* [Instructions to follow]: Pictures are to be left out, and only the lines below starting at the one with "Bahrain - Batelco" and ending at the one with "Ichiro Thinning Scissors logo" are to be reproduced, each exactly, both ends included.

* [Input data]:
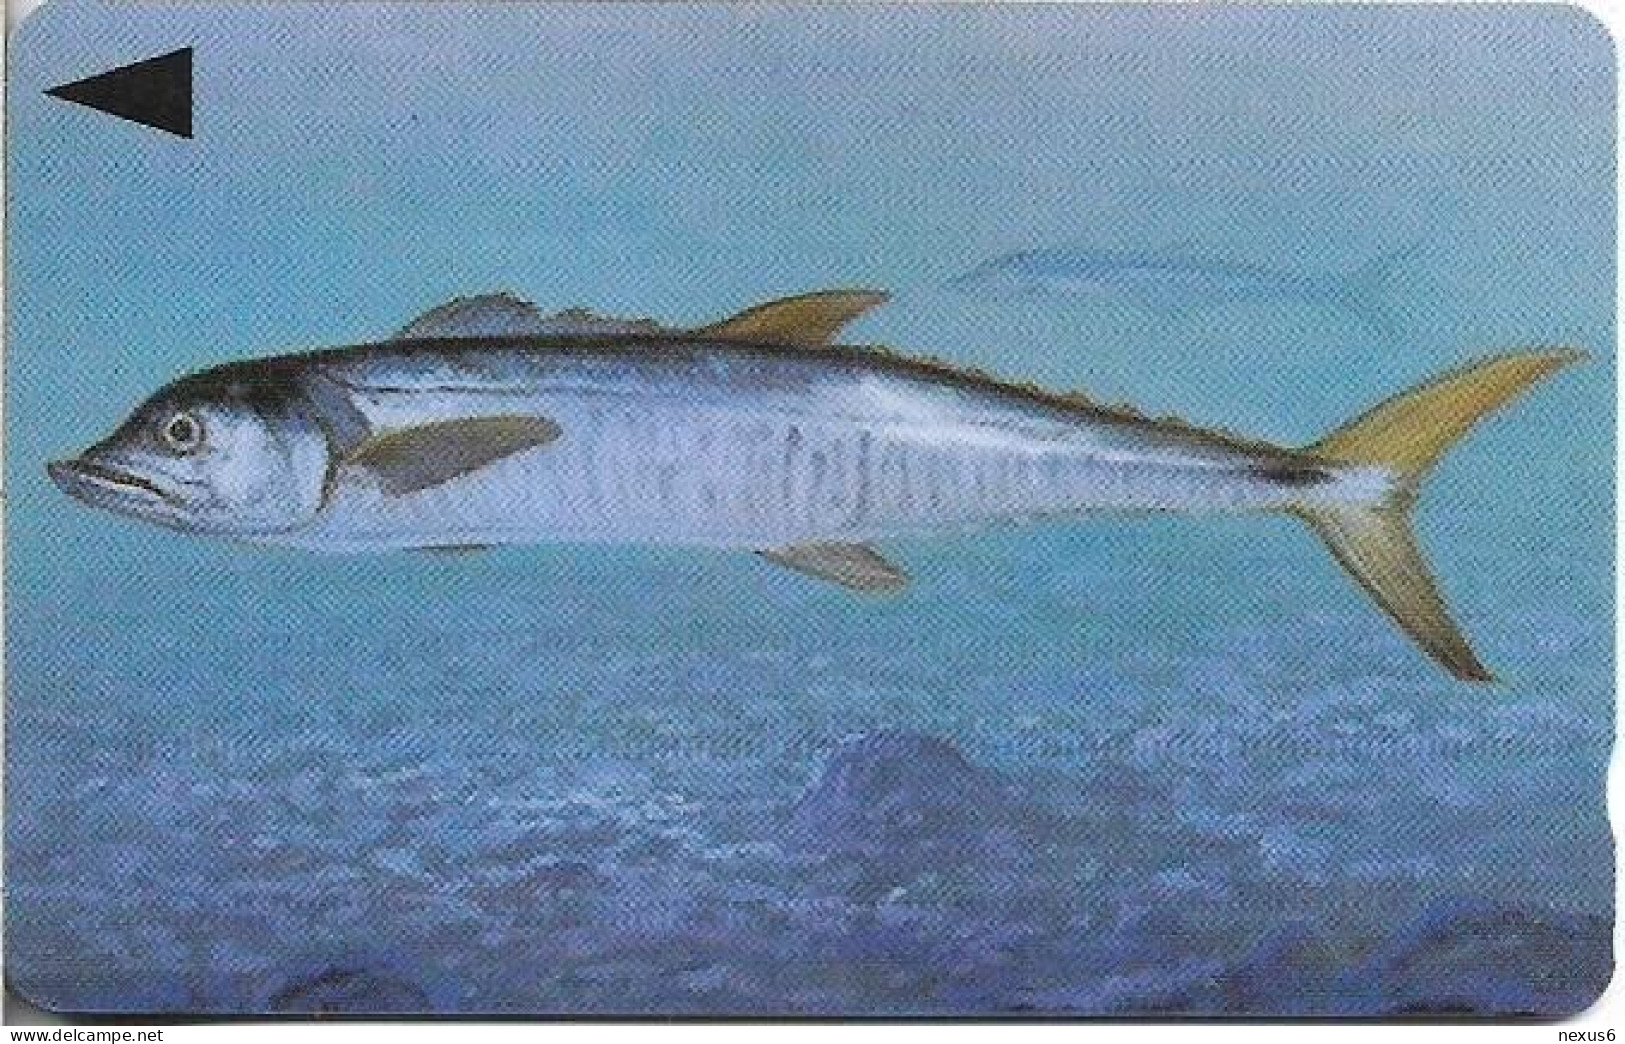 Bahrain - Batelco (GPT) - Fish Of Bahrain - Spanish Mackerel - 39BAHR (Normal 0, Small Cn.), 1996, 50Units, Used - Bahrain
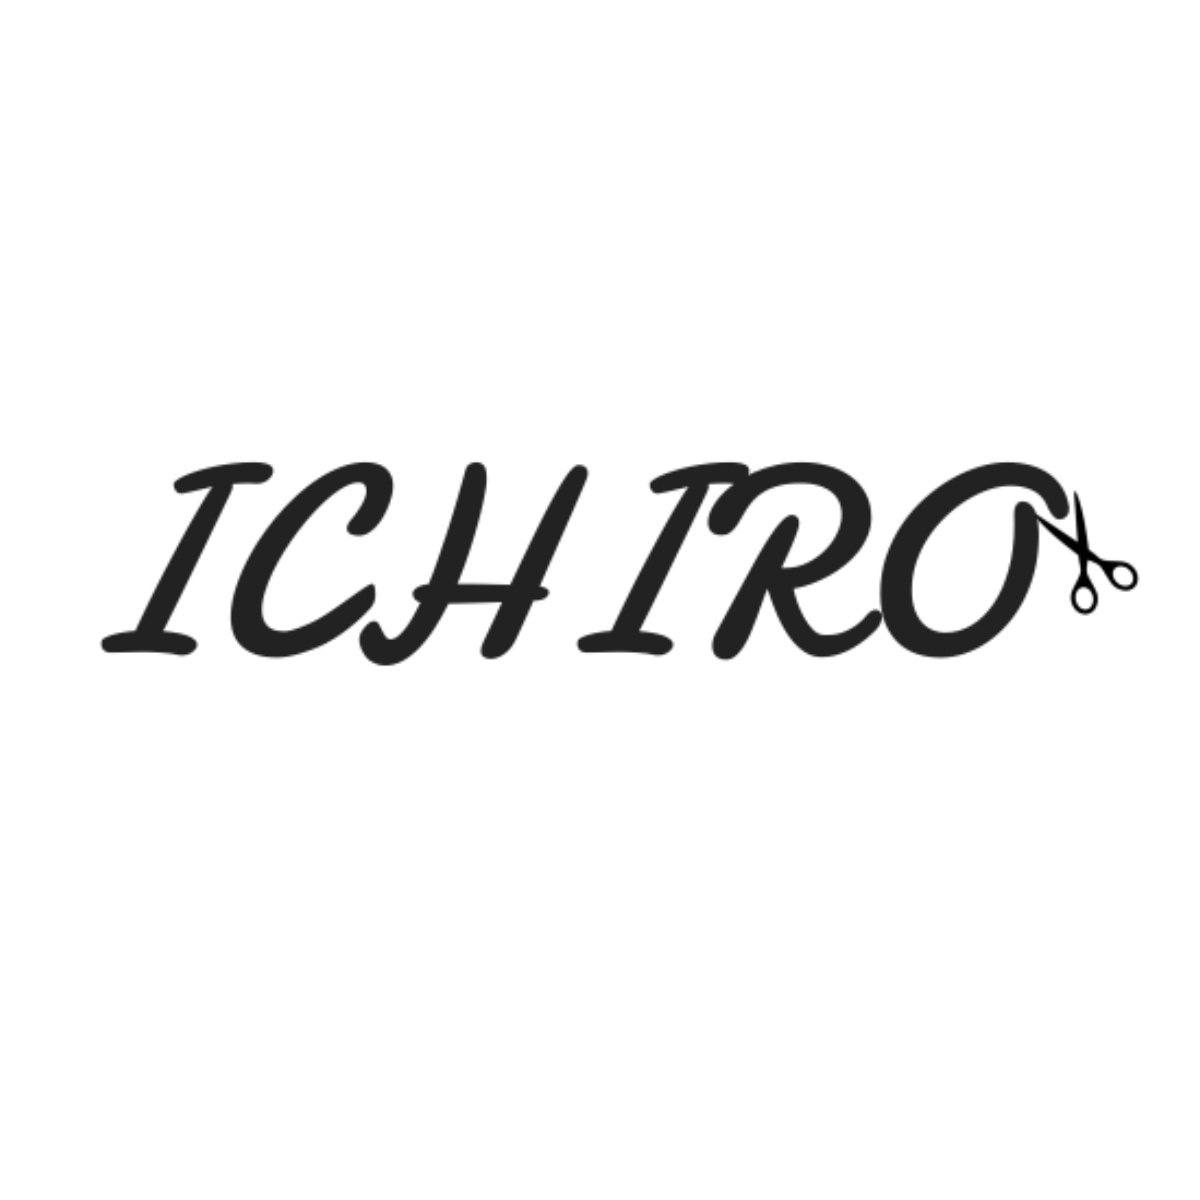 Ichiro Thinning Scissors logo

---

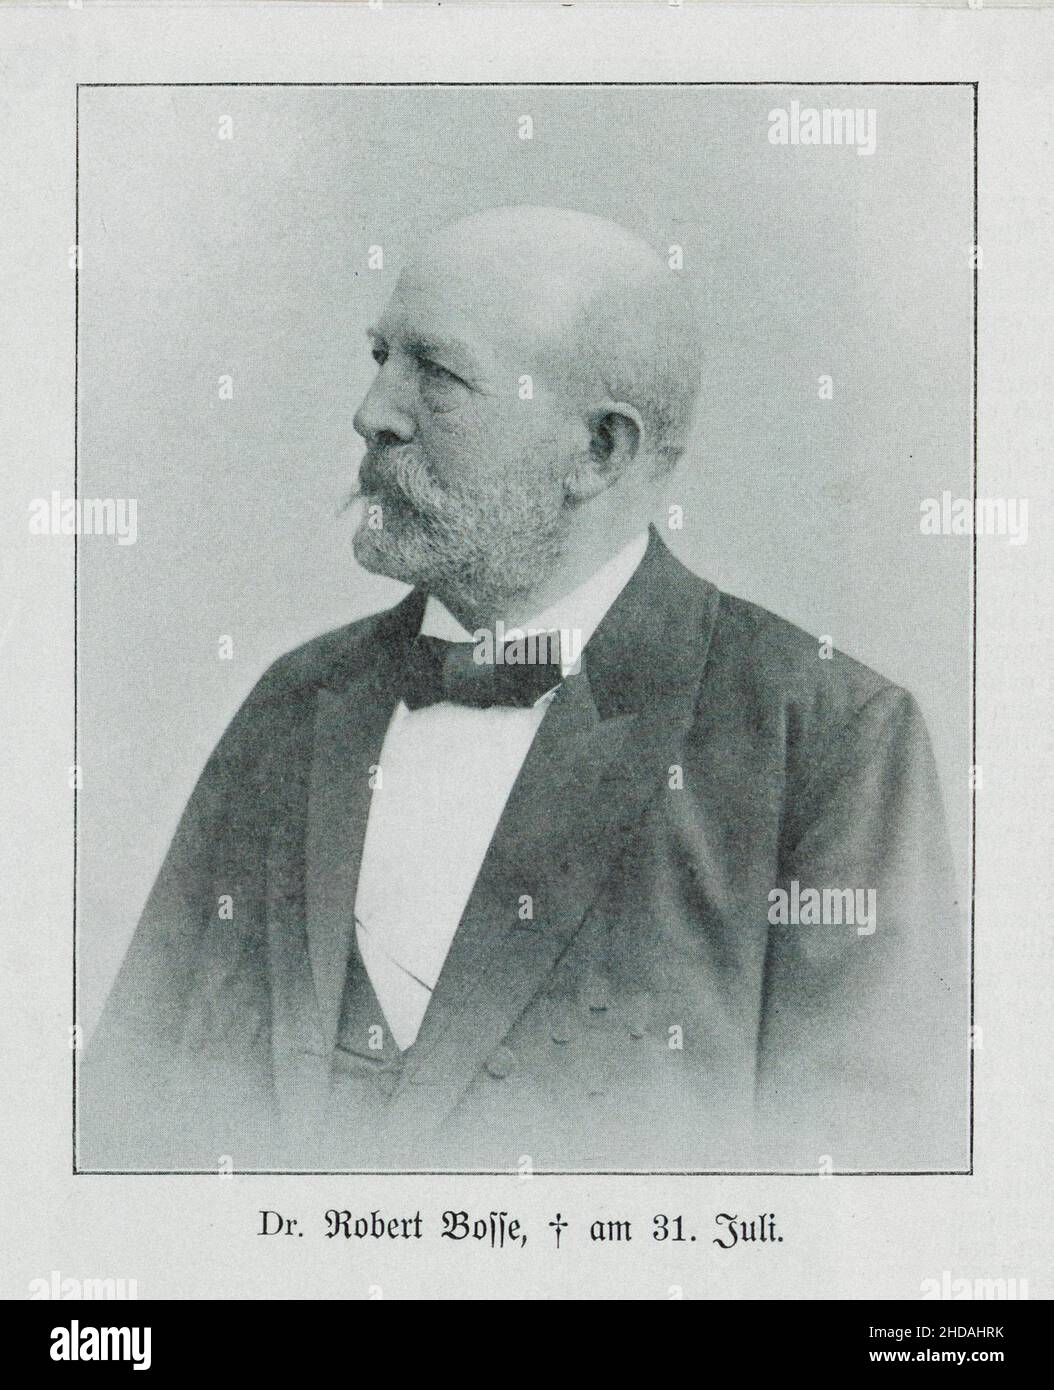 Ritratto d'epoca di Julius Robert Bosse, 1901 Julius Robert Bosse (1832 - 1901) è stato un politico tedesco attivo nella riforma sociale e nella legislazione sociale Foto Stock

* [Reply to the exercise]:
 Bahrain - Batelco (GPT) - Fish Of Bahrain - Spanish Mackerel - 39BAHR (Normal 0, Small Cn.), 1996, 50Units, Used - Bahrain
 Ichiro Thinning Scissors logo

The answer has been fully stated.